The old man, well over 90, has things to tell us. But he keeps checking on the phone to confirm the whereabouts of one last target thought to be in the Meridian Hotel. His wife Cyla calls to remind him about bringing home the fish. She, we will learn as his autobiographical lecture goes on, has sometimes wanted him to give up the relentless pursuit and go and live in peace in Israel . But Wiesenthal has stayed on in Vienna, working, collecting, finding, and seeing dozens of officials and guards brought to justice.

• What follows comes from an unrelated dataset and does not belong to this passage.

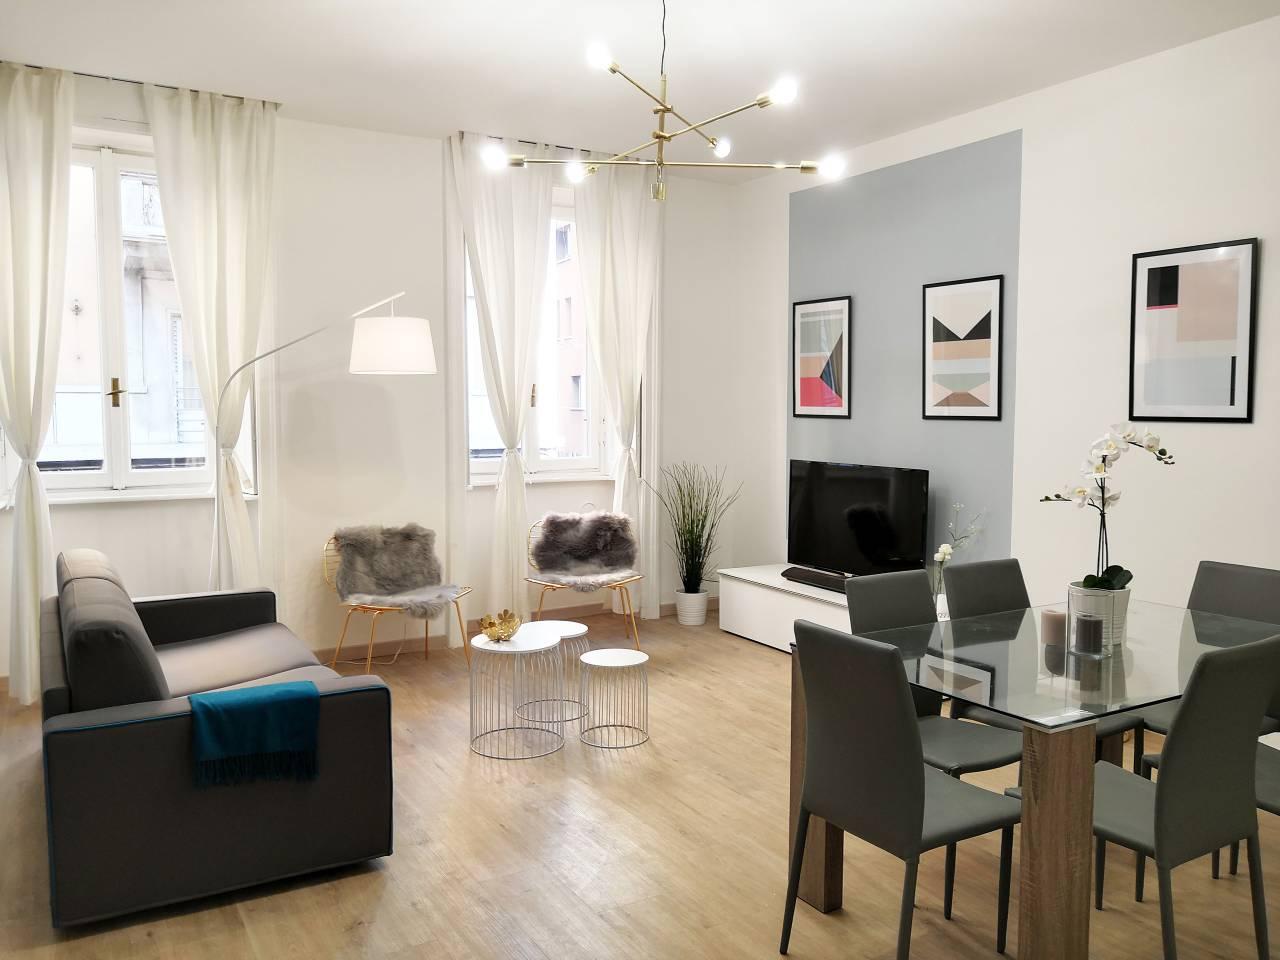 Apartment Hintown Austere Elegance 2 photo 18404017

It has not been everything he expected in his early days of trauma and relief. In a startling spotlit moment he re-lives one early capture, in which he played a small part: the trial of Eichmann, architect of the “Final Solution” . He expresses his personal shock and confusion. “A little bookkeeper..tiny…where was my monster? I wanted a monster!” Other trials fill the same awareness that monsters are humans no different from us, apart from their terrible choices. When he was rescued from his final camp, starving and close to death, the SS guards had seemed huge and powerful , almsot another species. Through the decades of finding and seeing war criminals, he learned the terrible truth that they could be almost any of us. “It does not need to be a criminal to commit mass murder. Just someone obeying authority….”.

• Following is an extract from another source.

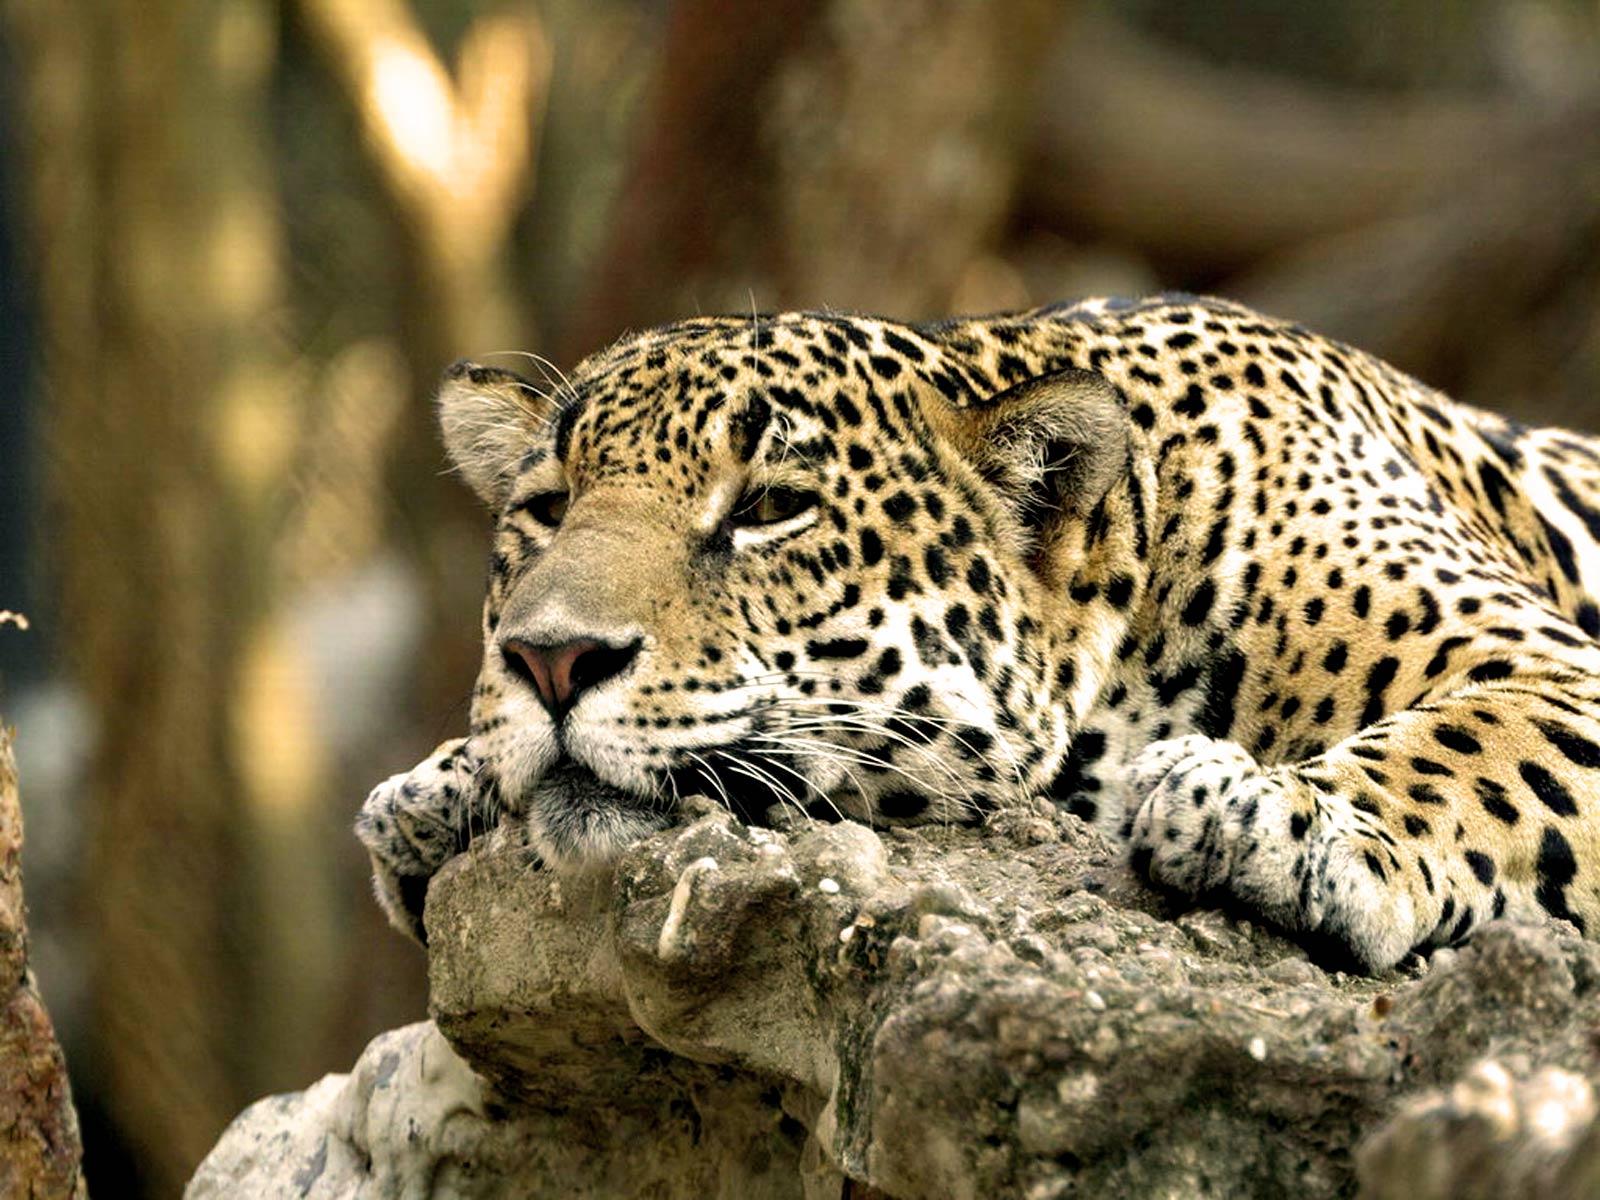 Leopard Africa HD Wallpaper High Quality WallpapersWallpaper 1600x1200

And again later he reflects that every mass killer from Hitler to Bin Laden “is part of us. All we can do is contain him”. He acknowledges firmly those – notably two SS men – who did not obey terrible orders so readily: to him it is proof that the containment, personal and social, “is always a choice”. He also muses with some compassion on how it was to be German after the great defeat of WW1: ‘they were hungry and ashamed..Hitler lifted up the German people’s shame”. And as shamed people do, they found someone to blame. Jews.
The personal memories, drawn from Wiesenthal’s several memoirs, are inevitably stark, though enlivened by moments like the extraordinary discovery that Cyla had survived, and reflections on the birth of their grandchildren and great-grandchildren since. His message is the simplest: remember and acknowledge that this terrible thing happened , a dark moment when “barbarism met techology” to create industrial-scale murder, not only of six million jews but five million others, homosexuals ,gipsies , black and disabled people who did not fit the Nazi template.

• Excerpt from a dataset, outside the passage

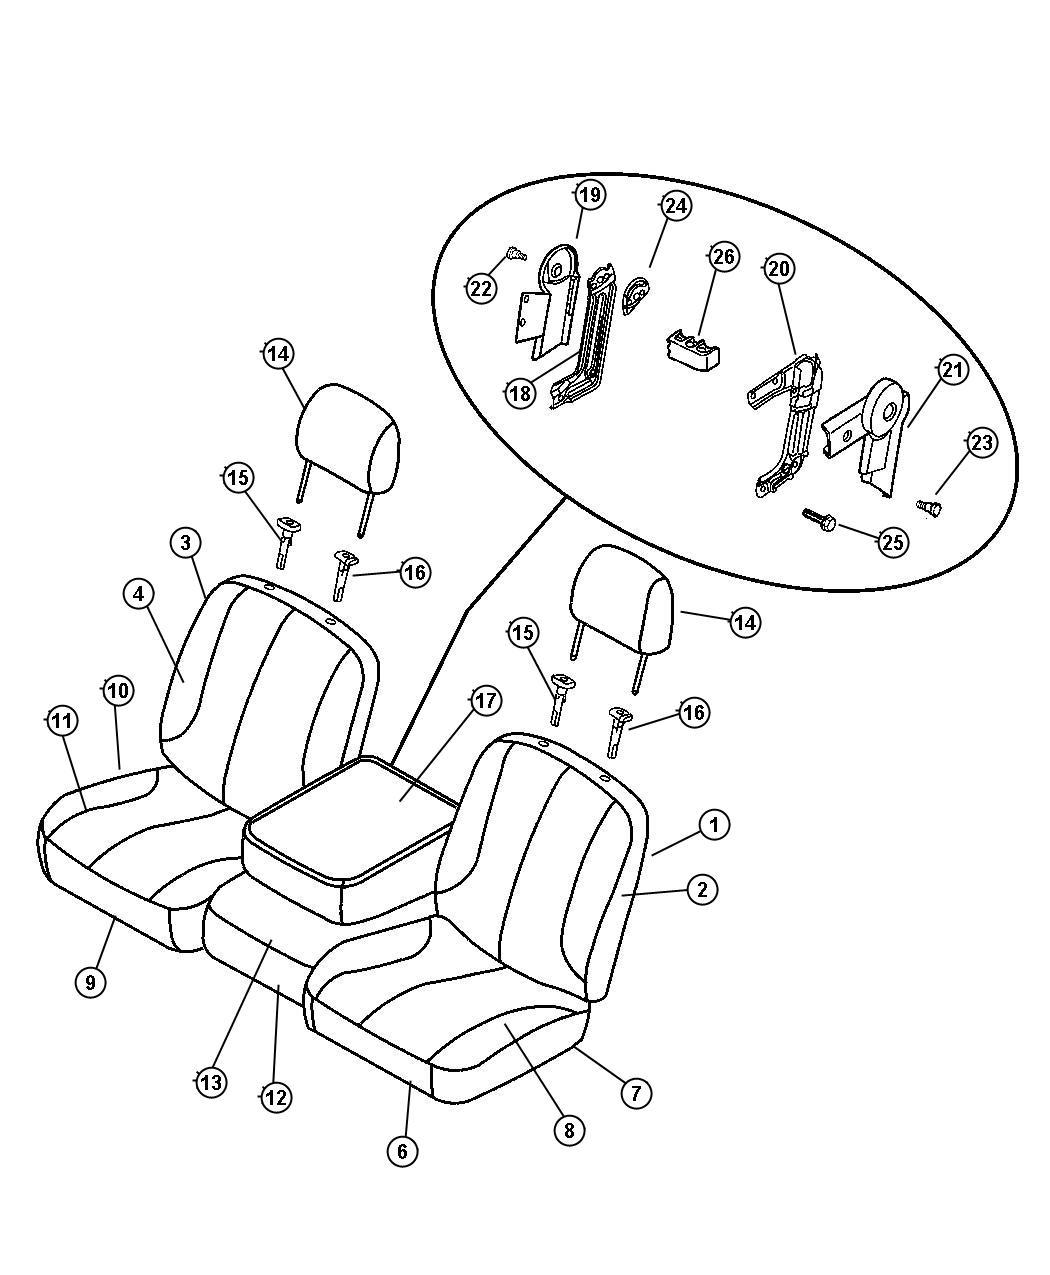 2003 Dodge Ram 1500 Pad. Front seat cushion. Trim: (*vl

He remembers the cemetery alongside Dachau, where every grave had a sunflower, and mourns the millions who will never have a graceful grave: his own office sunflower remains, under a single light, when he finally leaves the stage, because he is enjoining us all to remember, because he is old and has not much longer. And we have to remember, because it is the business of us all : not revenge, but remembering. Acknowledging where human choices have led, and could again. Immaculately done: go see it.